Here's the code to generate the scatter plot and decision boundaries:

python
Copy code
import numpy as np
import matplotlib.pyplot as plt

# Select the two most important features
X = X_train[:, [2, 7]] # thalach, cp

# Generate a scatter plot of the two features
plt.scatter(X[:, 0], X[:, 1], c=y_train, cmap='viridis')
plt.xlabel('Maximum Heart Rate Achieved')
plt.ylabel('Chest Pain Type')
plt.title('Scatter Plot of Two Most Important Features')
plt.show()

# Generate a grid of points covering the range of the two features
x1 = np.linspace(X[:, 0].min(), X[:, 0].max(), 100)
x2 = np.linspace(X[:, 1].min(), X[:, 1].max(), 100)
xx, yy = np.meshgrid(x1, x2)
X_grid = np.column_stack([xx.ravel(), yy.ravel()])

# Use the random forest classifier to predict the class of each point in the grid
rf = RandomForestClassifier(n_estimators=100, max_depth=10)
rf.fit(X, y_train)
y_grid = rf.predict(X_grid)

# Plot the decision boundaries on the scatter plot
plt.scatter(X[:, 0], X[:, 1], c=y_train, cmap='viridis')
plt.contourf(xx, yy, y_grid.reshape(xx.shape), alpha=0.5, cmap='viridis')
plt.xlabel('Maximum Heart Rate Achieved')
plt.ylabel('Chest Pain Type')
plt.title('Decision Boundaries of Random Forest Classifier')
plt.show()
The resulting plot should show the scatter plot of the two features with points coloured based on their true class, as well
as the decision boundaries of the random forest classifier.

Interpreting the decision boundaries of a random forest classifier can be challenging due to their complex nature. However,
we can make some general observations based on the plot. We can see that the decision boundaries are non-linear and have 
irregular shapes, which suggests that the model is capturing complex interactions between the features. We can also see
that the decision boundaries are relatively smooth, which suggests that the model is not overfitting to the training data.
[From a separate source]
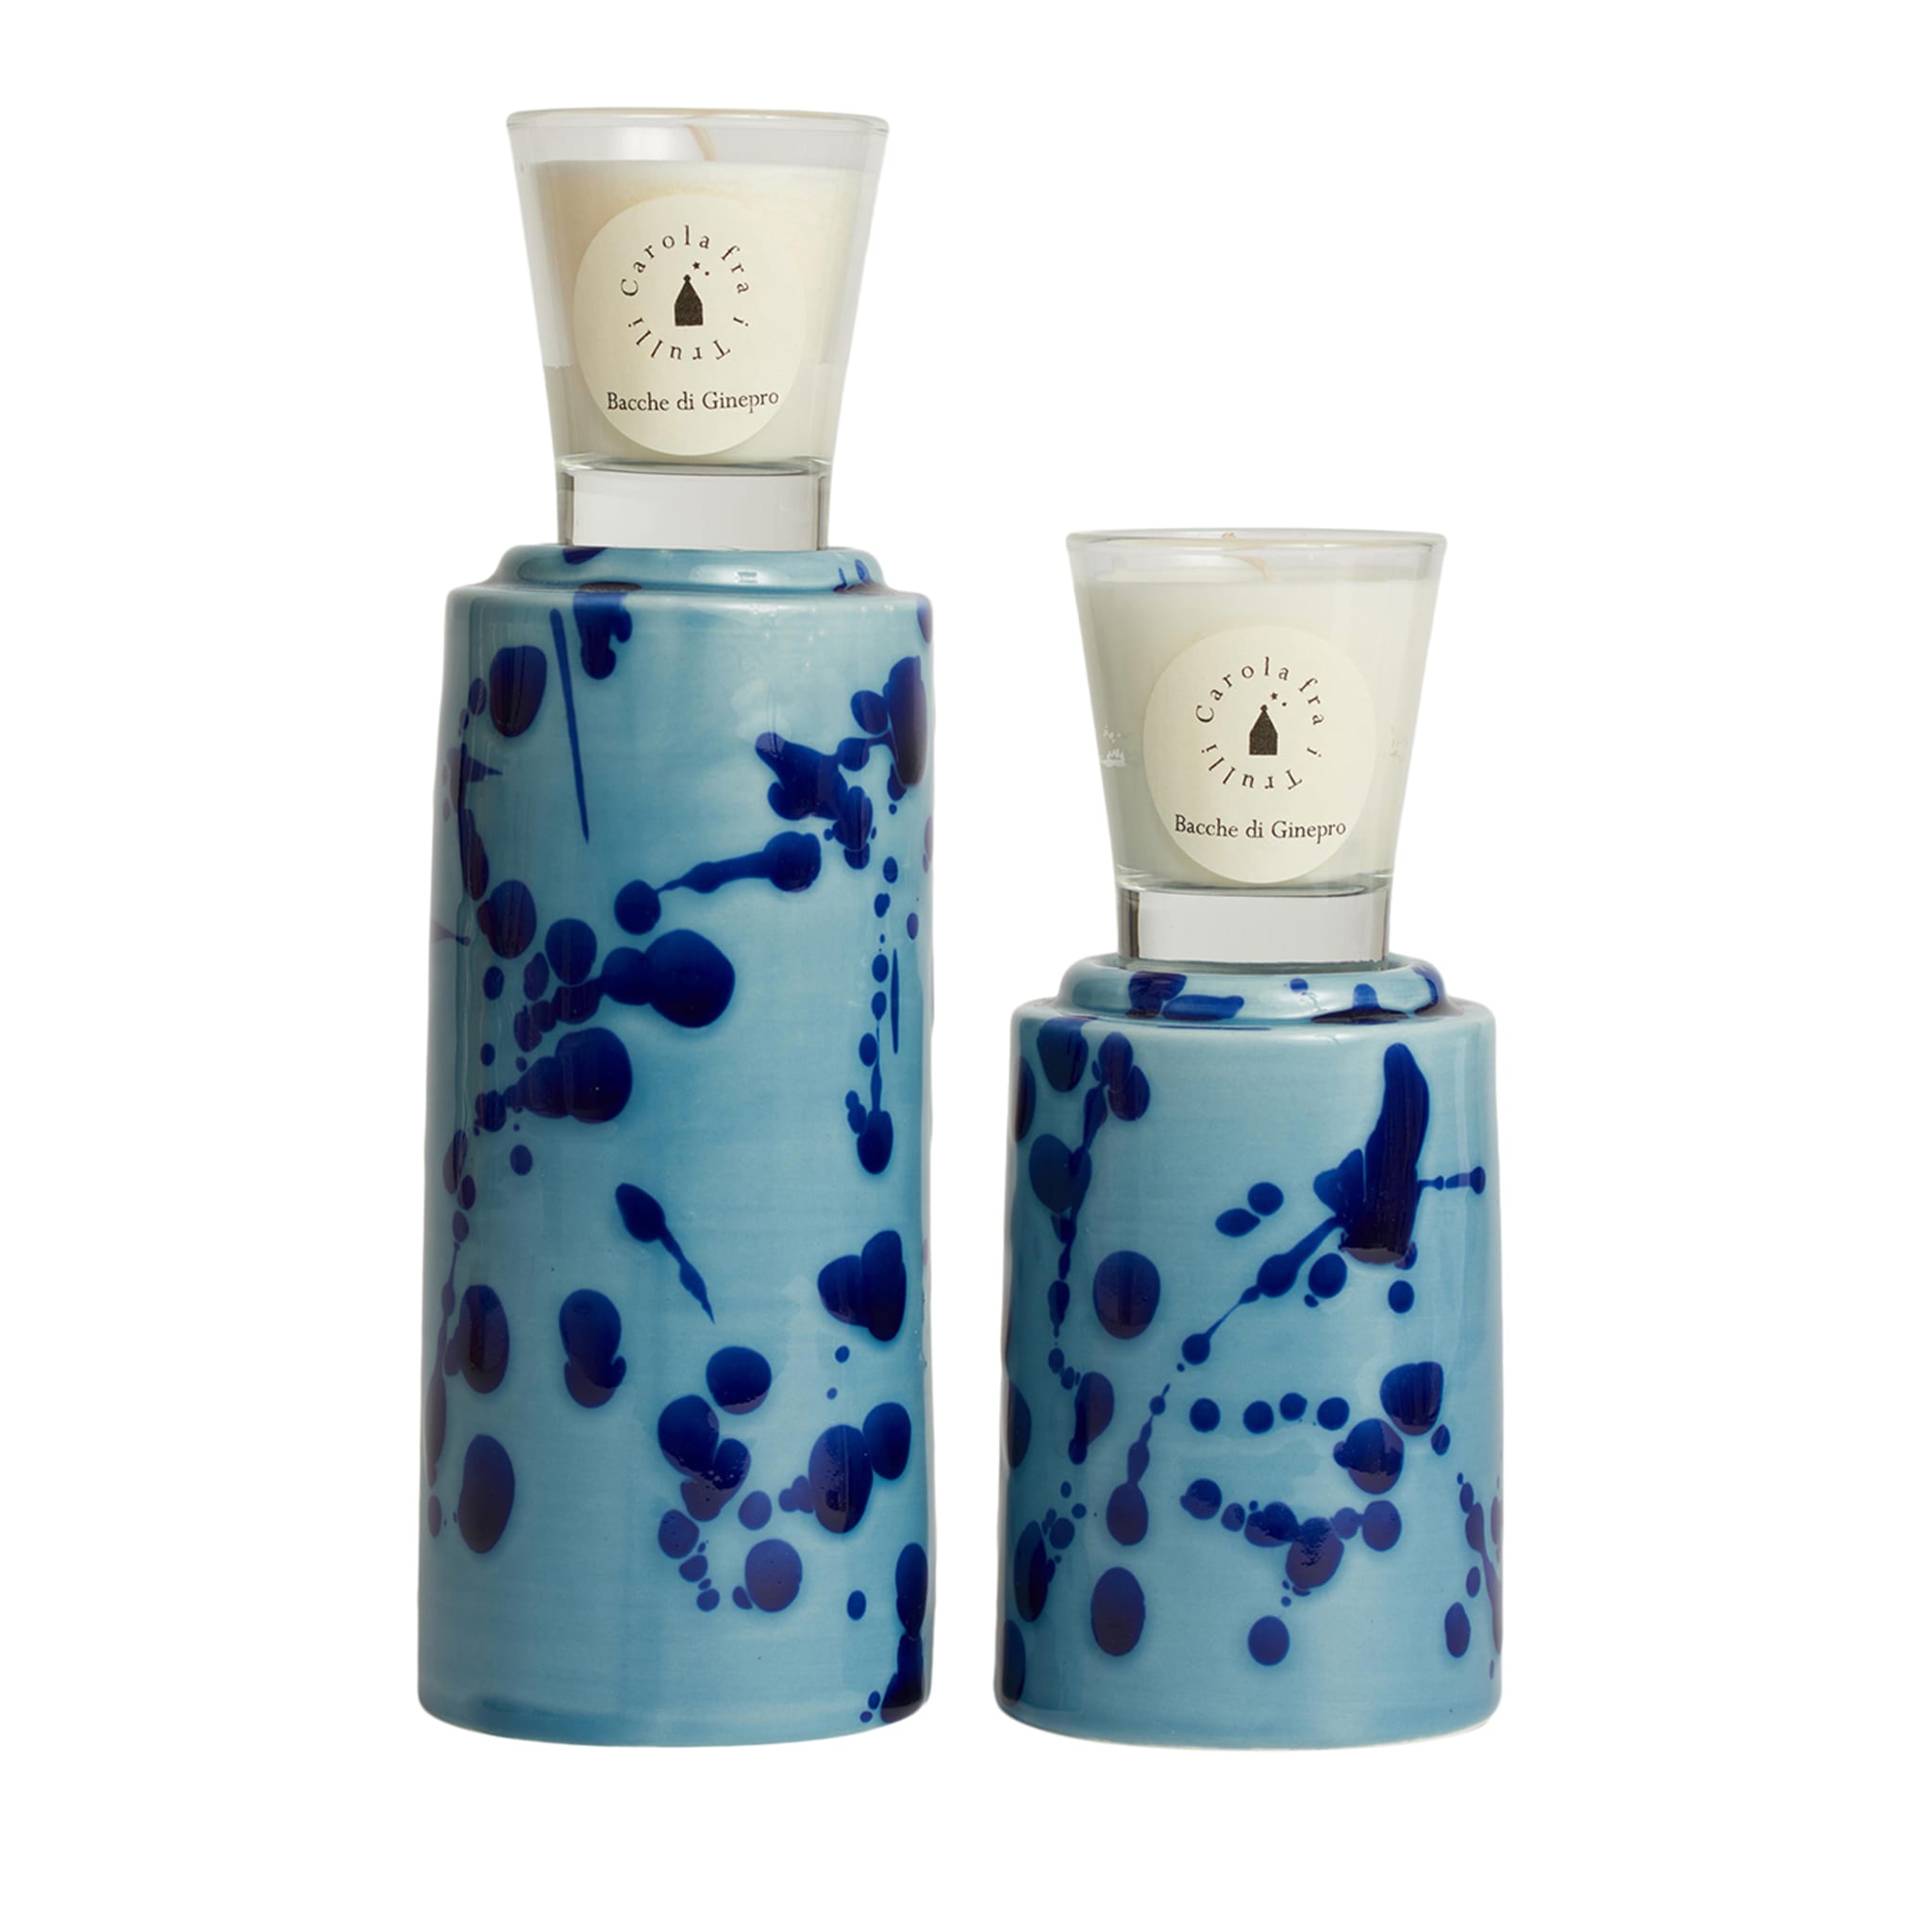 Tótem Celeste y Azul con Vela Perfumada Fragancia Agrumeto  - Vista principal

One limitation of the model is that it may not be able to capture all the factors that contribute to heart disease risk, as
there may be other important features that were not included in the analysis. Additionally, the model may not perform well 
on data that is significantly different from the training data, such as data from a different population or collected using
different methods. Finally, the model may not be able to capture the full complexity of the underlying biological processes 
that contribute to heart disease risk, which may limit its ability to provide mechanistic insights.